The fingerprint sensor 514 is configured to acquire a fingerprint of a user, and the processor 501 identifies an identity of the user based on the fingerprint acquired by the fingerprint sensor 514, or the fingerprint sensor 514 identifies an identity of the user based on the acquired fingerprint. When the identity of the user is identified as a trusted identity, the processor 501 authorizes the user to perform a related sensitive operation. The sensitive operation includes unlocking a screen, viewing encrypted information, downloading software, payment, changing settings, and the like. The fingerprint sensor 514 may be disposed on a front surface, a back surface, or a side surface of the terminal 500. When the terminal 500 is provided with a physical button or a vendor logo, the fingerprint sensor 514 may be integrated with the physical button or the vendor logo.
The optical sensor 515 is configured to acquire ambient light intensity. In an embodiment, the processor 501 may control display luminance of the touch display 505 based on the ambient light intensity acquired by the optical sensor 515. Specifically, when the ambient light intensity is relatively high, the display luminance of the touch display 505 is turned up. When the ambient light intensity is relatively low, the display luminance of the touch display 505 is turned down. In another embodiment, the processor 501 may further dynamically adjust a camera parameter of the camera assembly 506 based on the ambient light intensity acquired by the optical sensor 515.
The proximity sensor 516, also referred to as a distance sensor, is usually disposed on the front panel of the terminal 500. The proximity sensor 516 is configured to acquire a distance between a user and the front surface of the terminal 500. In an embodiment, when the proximity sensor 516 detects that the distance between the user and the front surface of the terminal 500 gradually becomes smaller, the processor 501 controls the touch display 505 to switch from a screen-on state to a screen-off state.

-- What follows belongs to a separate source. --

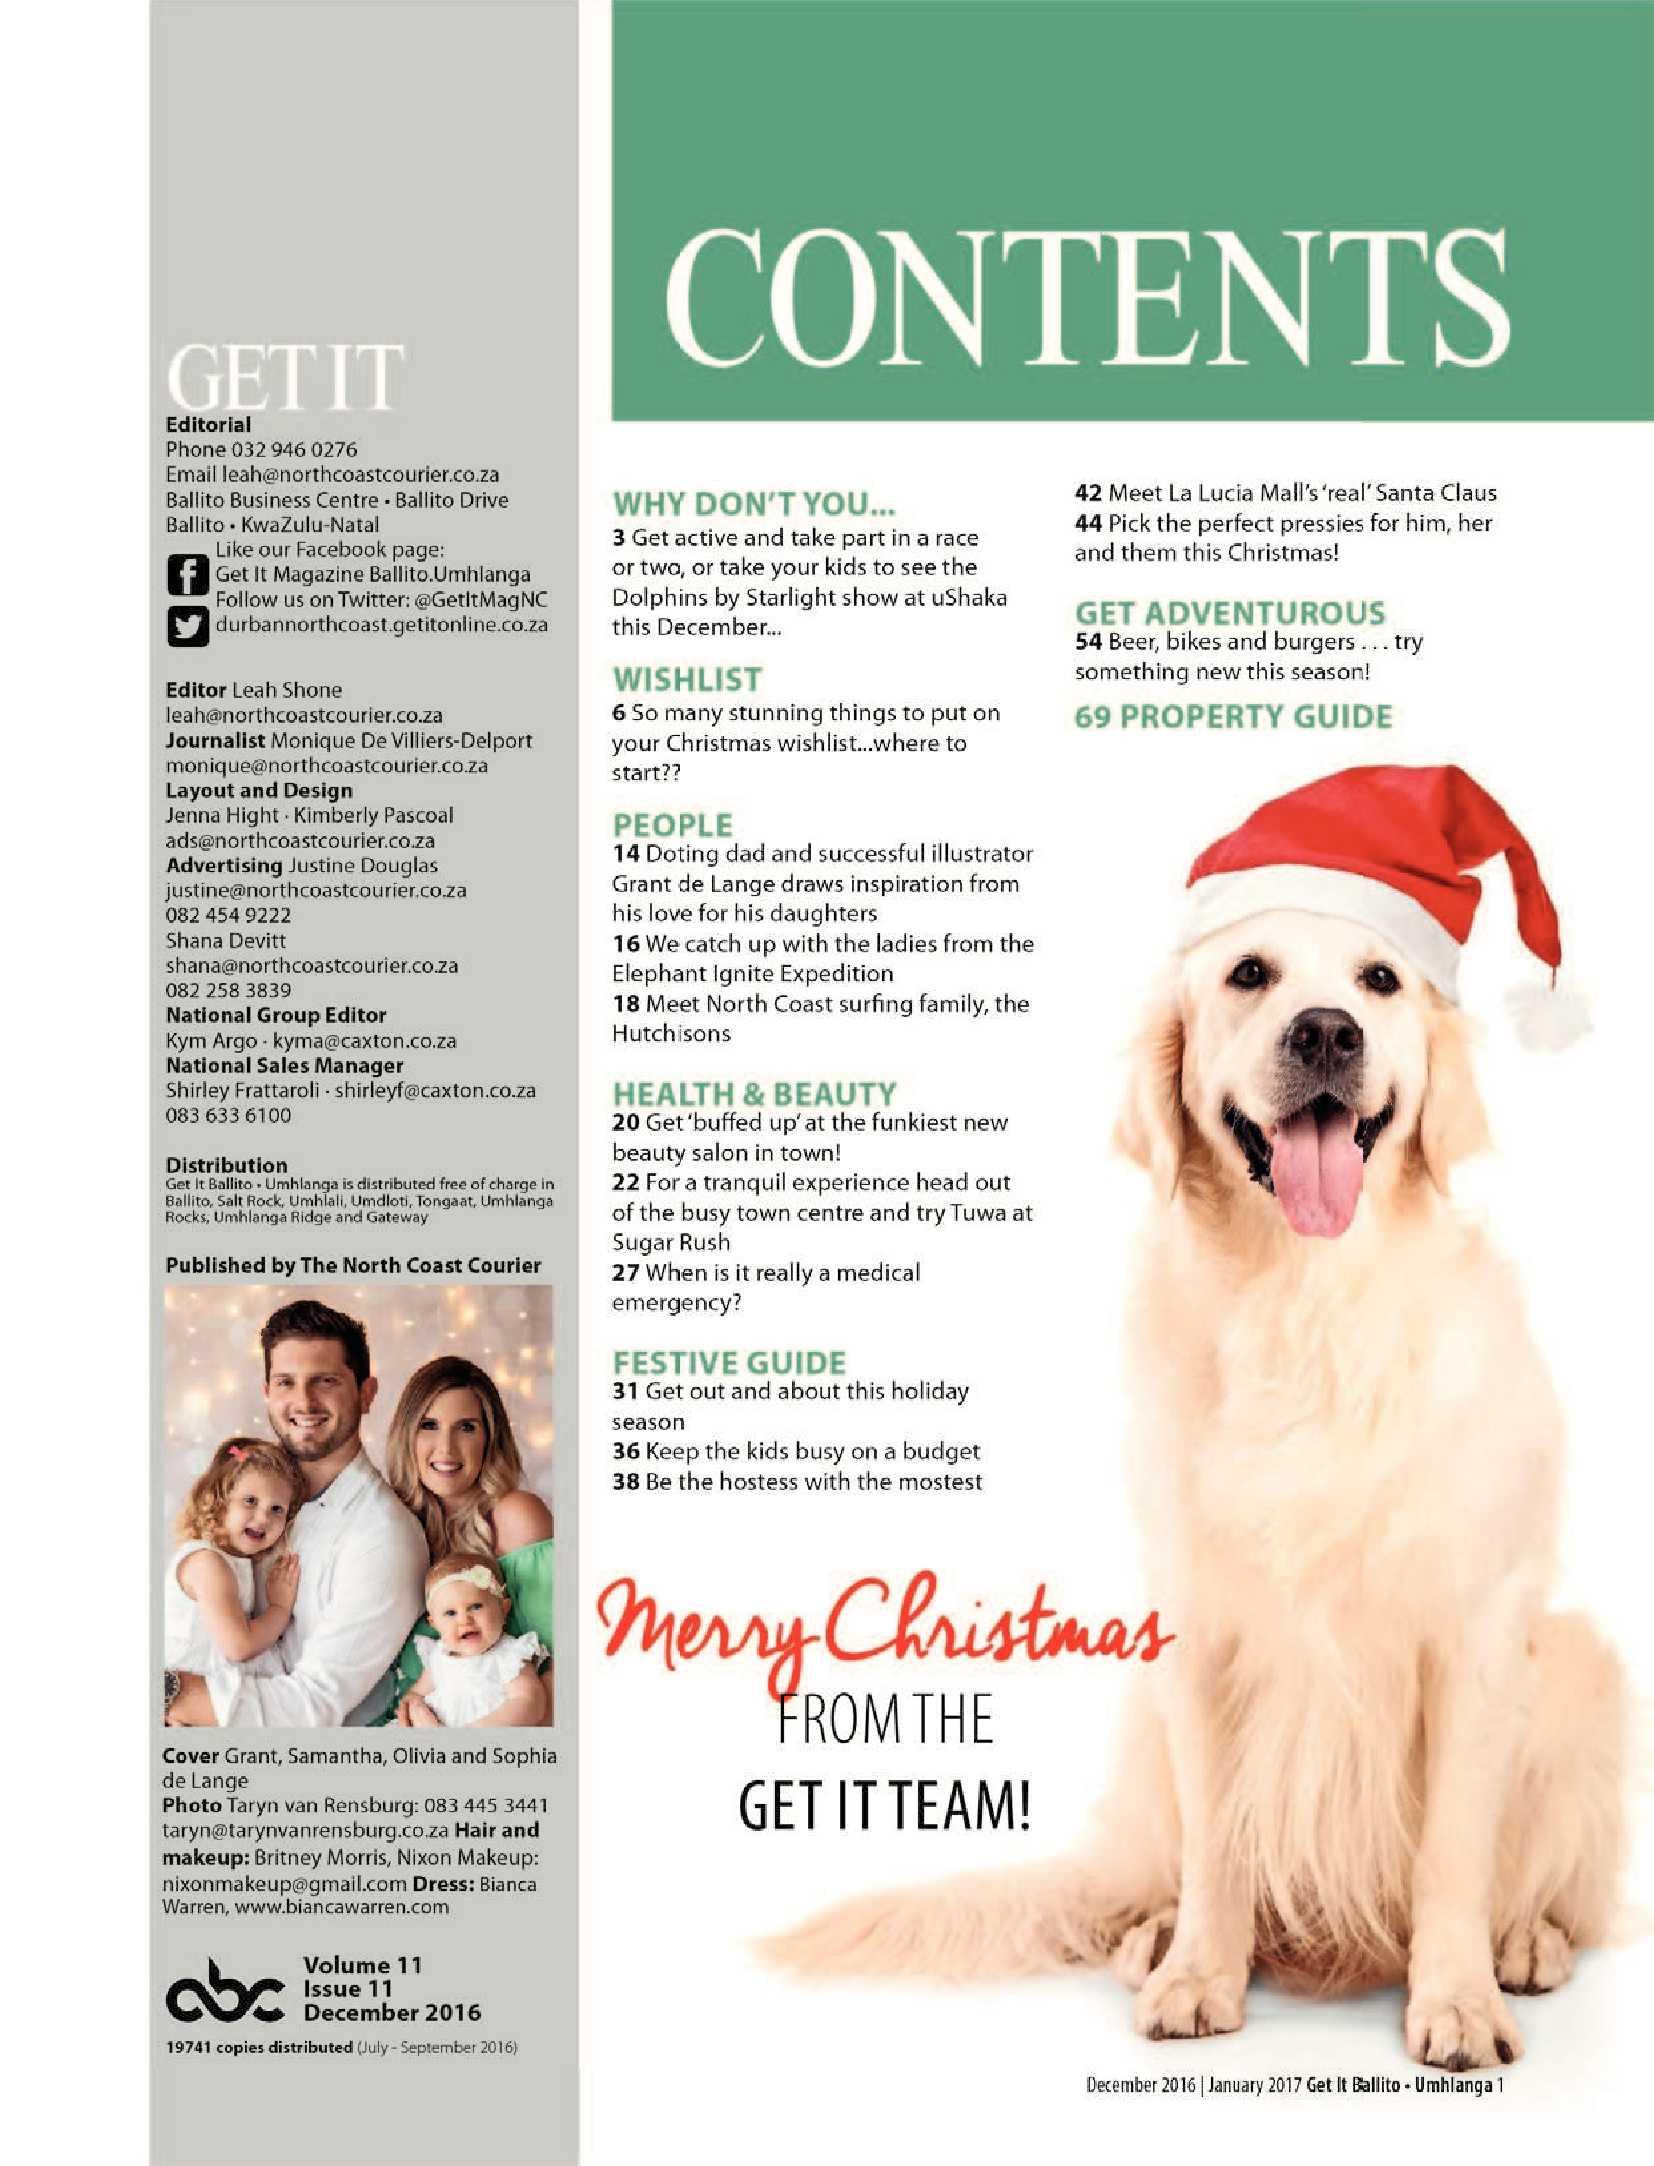 get-magazine-ballitoumhlanga-december-2016-january-2017-epapers-page-3

When the proximity sensor 516 detects that the distance between the user and the front surface of the terminal 500 gradually becomes larger, the processor 501 controls the touch display 505 to switch from the screen-off state to the screen-on state.
A person skilled in the art may understand that the structure shown in FIG. 5 does not constitute a limitation to the terminal 500, and the terminal may include more or fewer components than those shown in the figure, or some components may be combined, or a different component deployment may be used.
In this embodiment, the terminal may further include one or more programs. The one or more programs are stored in the memory and executed by one or more processors. The one or more programs include instructions used to perform the sound quality detection method for homologous audio provided in the embodiments of the present application.
FIG. 6 is a structural block diagram of a server 600 according to some embodiments of the present application. The server 600 may have relatively large differences due to different configurations or performance, and may include one or more processors (CPUs) 601 and one or more memories 602. The memory 602 stores at least one instruction. The at least one instruction is loaded and executed by the processor 601 to implement the sound quality detection method for homologous audio provided in the foregoing method embodiments. The server 600 may further include components such as a wired or wireless network interface, a keyboard, and an I/O interface for input and output. The server 600 may further include other components for implementing device functions. Details are not described herein.
An embodiment of the present application further provides a computer-readable storage medium. The computer-readable storage medium stores at least one instruction. When the at least one instruction, when executed by a processor, causes the processor to perform the sound quality detection method for homologous audio described in the foregoing embodiments.
Those of ordinary skill in the art can understand that all or some of the steps in the foregoing embodiments may be implemented by hardware, or by instructing related hardware by using a program. The program may be stored in a computer-readable storage medium. The storage medium may be a read-only memory, a disk, a compact disc, or the like.
The foregoing descriptions are merely preferred embodiments of the present application and are not intended to limit the present application. Any modification, equivalent replacement, and improvement within the spirit and principle of the present application shall be included within the protection scope of the present application.

Claims

1. A sound quality detection method for homologous audio, comprising:

acquiring a plurality of audio files to be detected, wherein the plurality of audio files are homologous audio files;

acquiring at least one audio feature of each of the plurality of audio files by performing feature extraction on the audio file, and generating a correspondence list of each of the plurality of audio files between the at least one audio feature and an audio file identifier; and

determining, using a sound quality detection model, a sound quality score of each of the plurality of audio files based on the correspondence list of each of the plurality of audio files between the at least one audio feature and the audio file identifier, wherein the sound quality detection model is configured to detect sound quality of homologous audio files.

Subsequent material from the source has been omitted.